> **What is expected**
Although the listing below holds pictures, reproduce only its lines from the one containing "OUR COMMITMENT TO INCLUSION & DIVERSITY" through the last, exactly and without them.

Start of Information provided

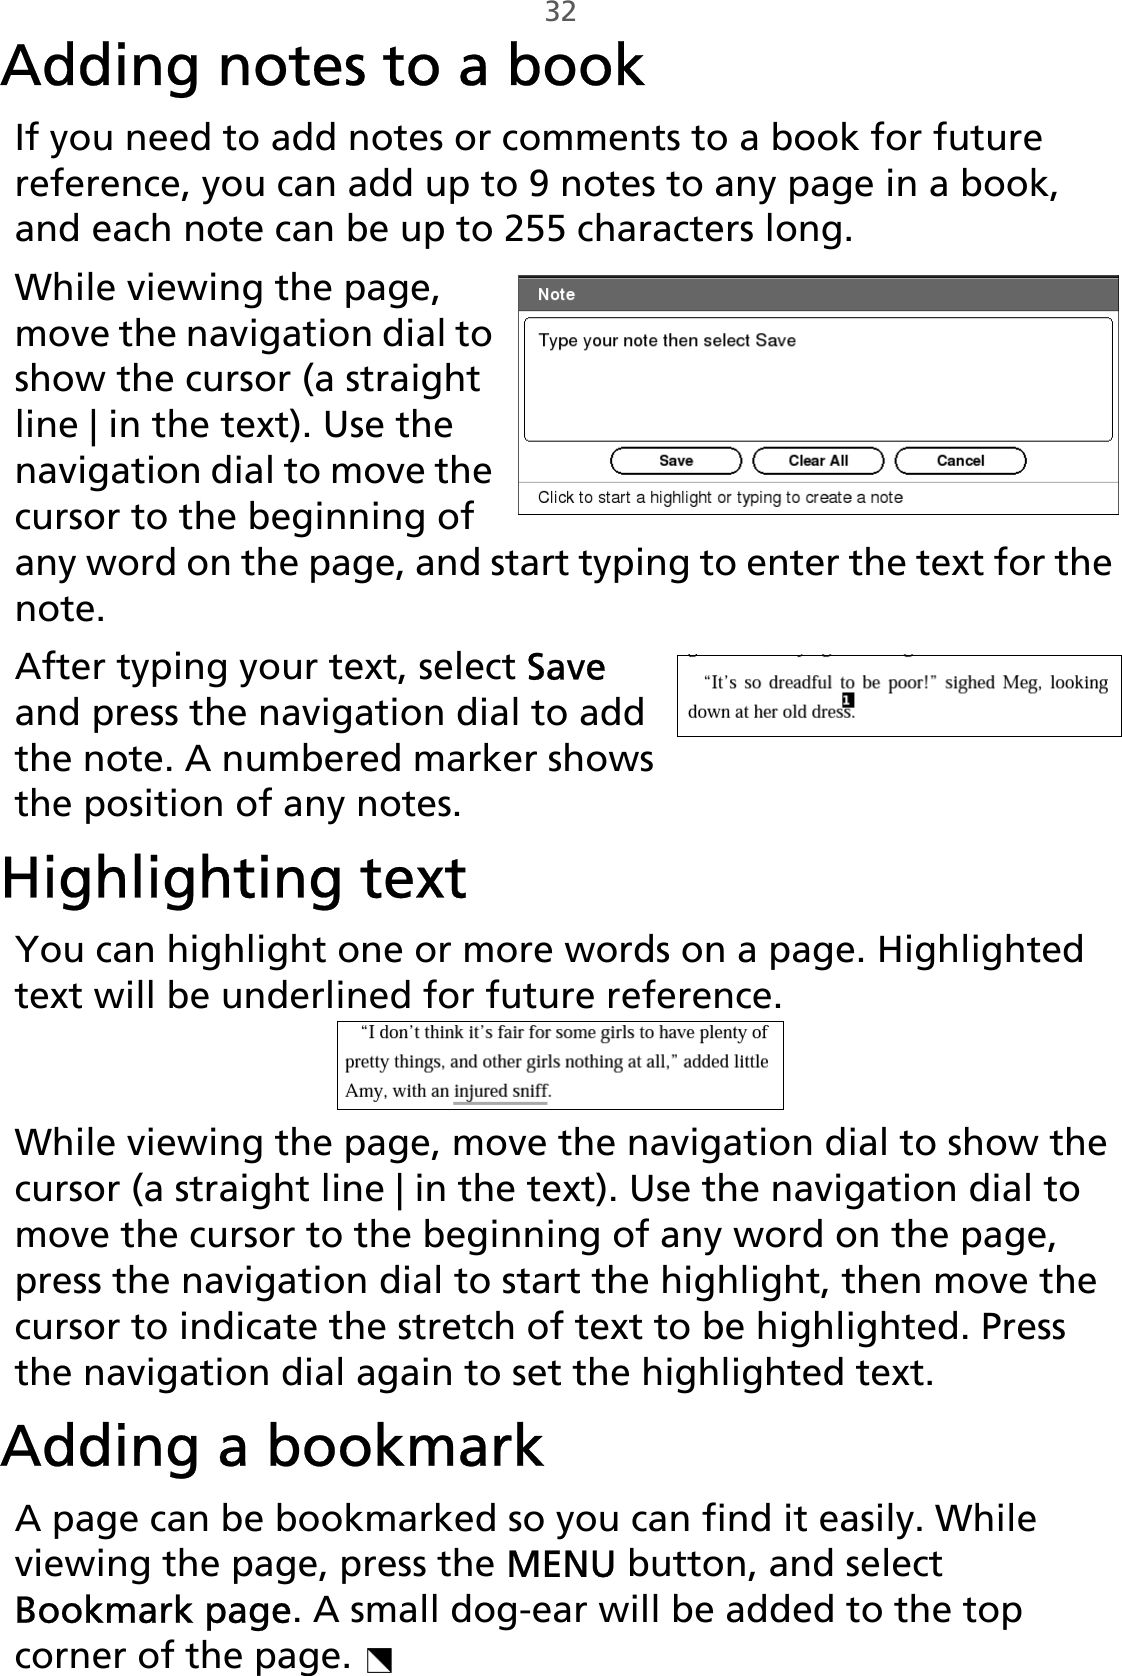 32Adding notes to a bookIf you need to add notes or comments to a book for future reference, you can add up to 9 notes to any page in a book, and each note can be up to 255 characters long.While viewing the page, move the navigation dial to show the cursor (a straight line | in the text). Use the navigation dial to move the cursor to the beginning of any word on the page, and start typing to enter the text for the note. After typing your text, select Save and press the navigation dial to add the note. A numbered marker shows the position of any notes.Highlighting textYou can highlight one or more words on a page. Highlighted text will be underlined for future reference. While viewing the page, move the navigation dial to show the cursor (a straight line | in the text). Use the navigation dial to move the cursor to the beginning of any word on the page, press the navigation dial to start the highlight, then move the cursor to indicate the stretch of text to be highlighted. Press the navigation dial again to set the highlighted text. Adding a bookmarkA page can be bookmarked so you can find it easily. While viewing the page, press the MENU button, and select Bookmark page. A small dog-ear will be added to the top corner of the page. 
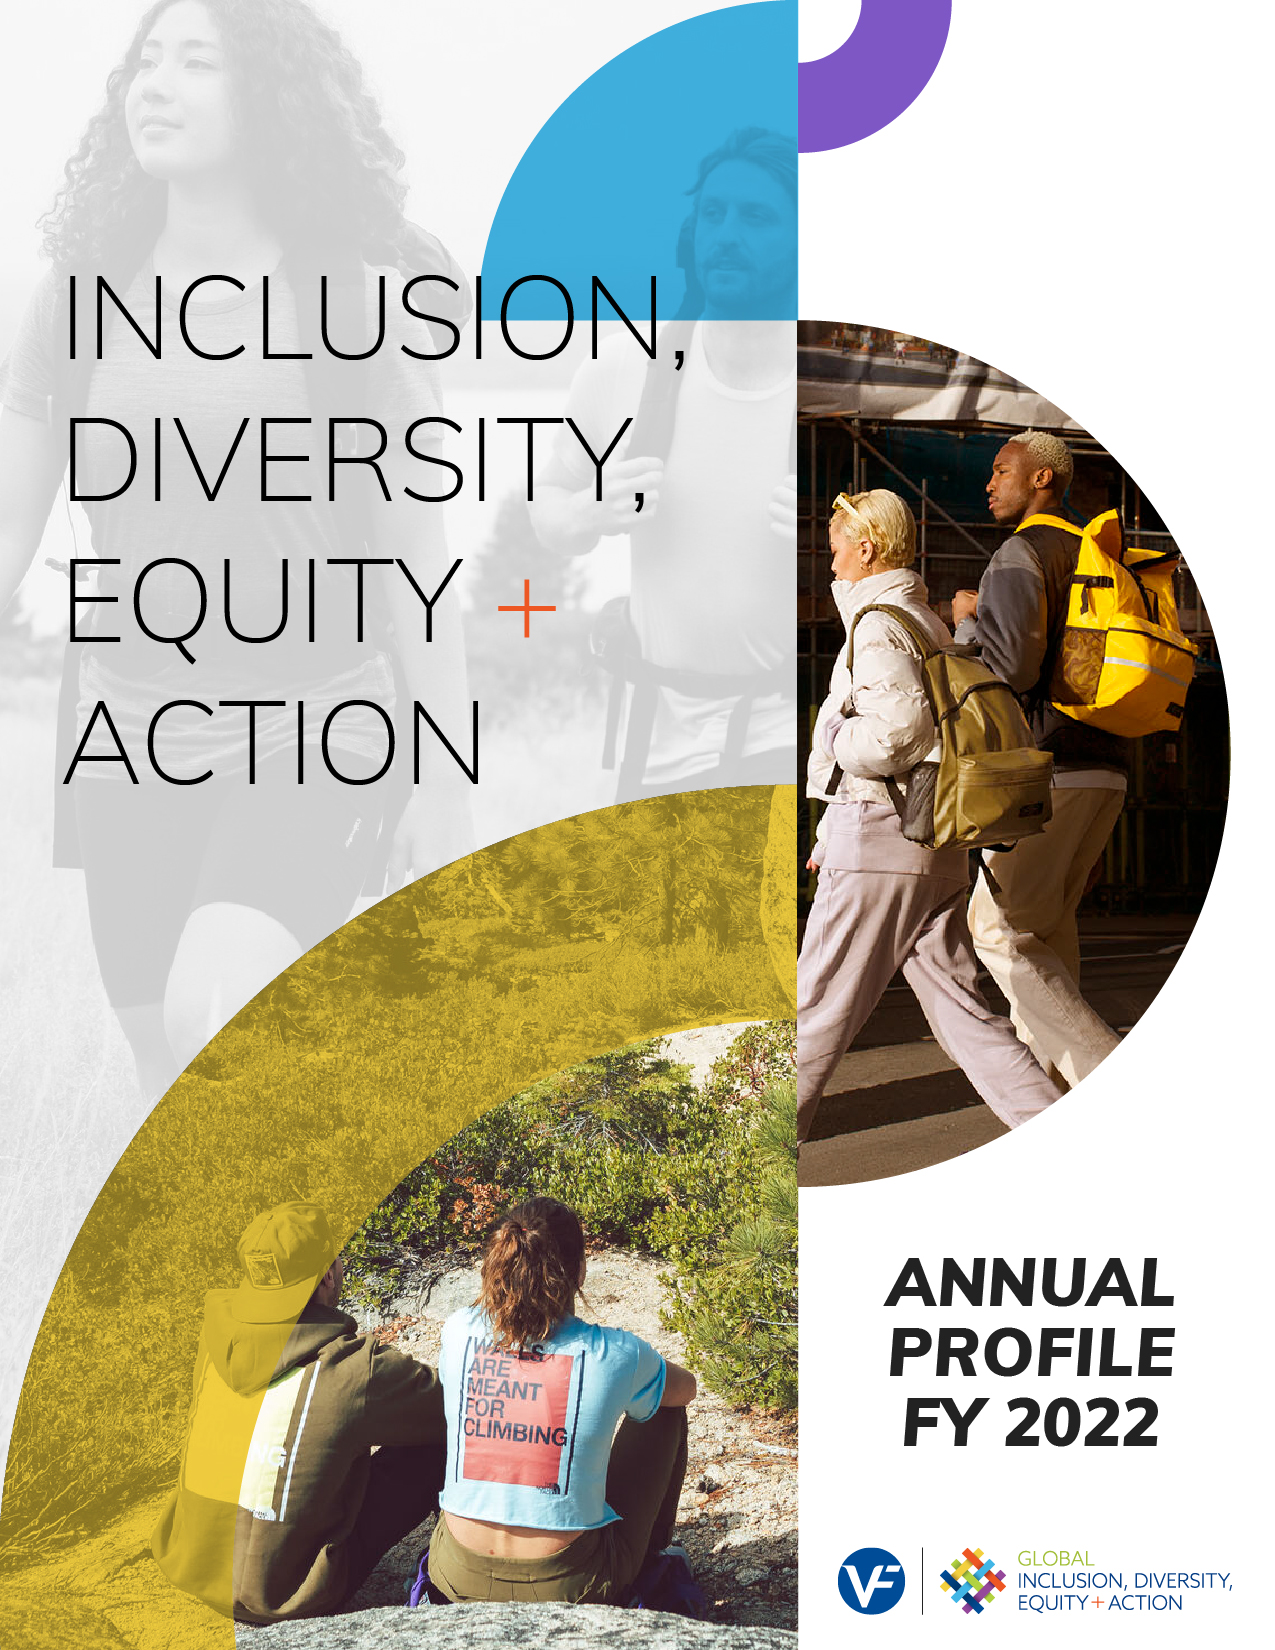 OUR COMMITMENT TO INCLUSION & DIVERSITY
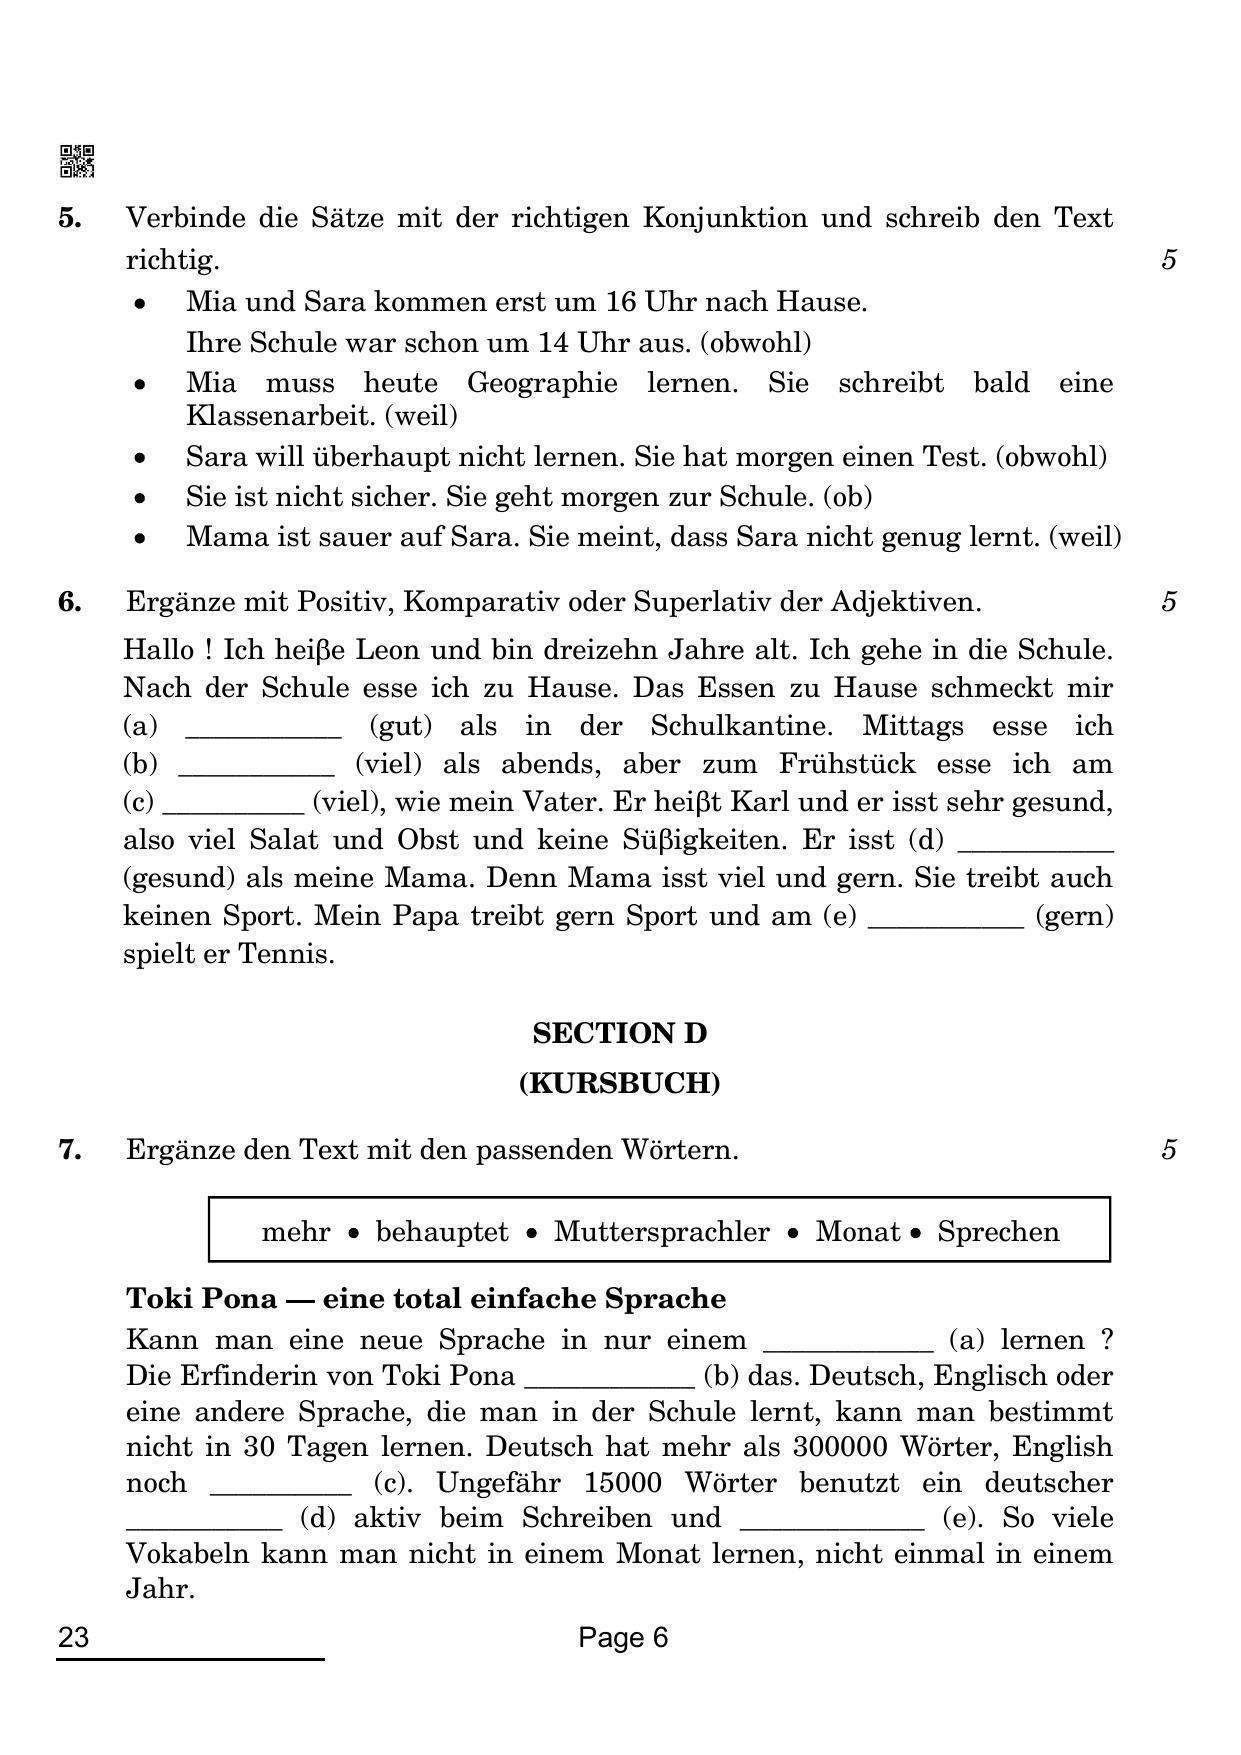 CBSE Class 10 23_German 2022 Question Paper - Page 6

End of Information provided

> **Response area**
 OUR COMMITMENT TO INCLUSION & DIVERSITY
 CBSE Class 10 23_German 2022 Question Paper - Page 6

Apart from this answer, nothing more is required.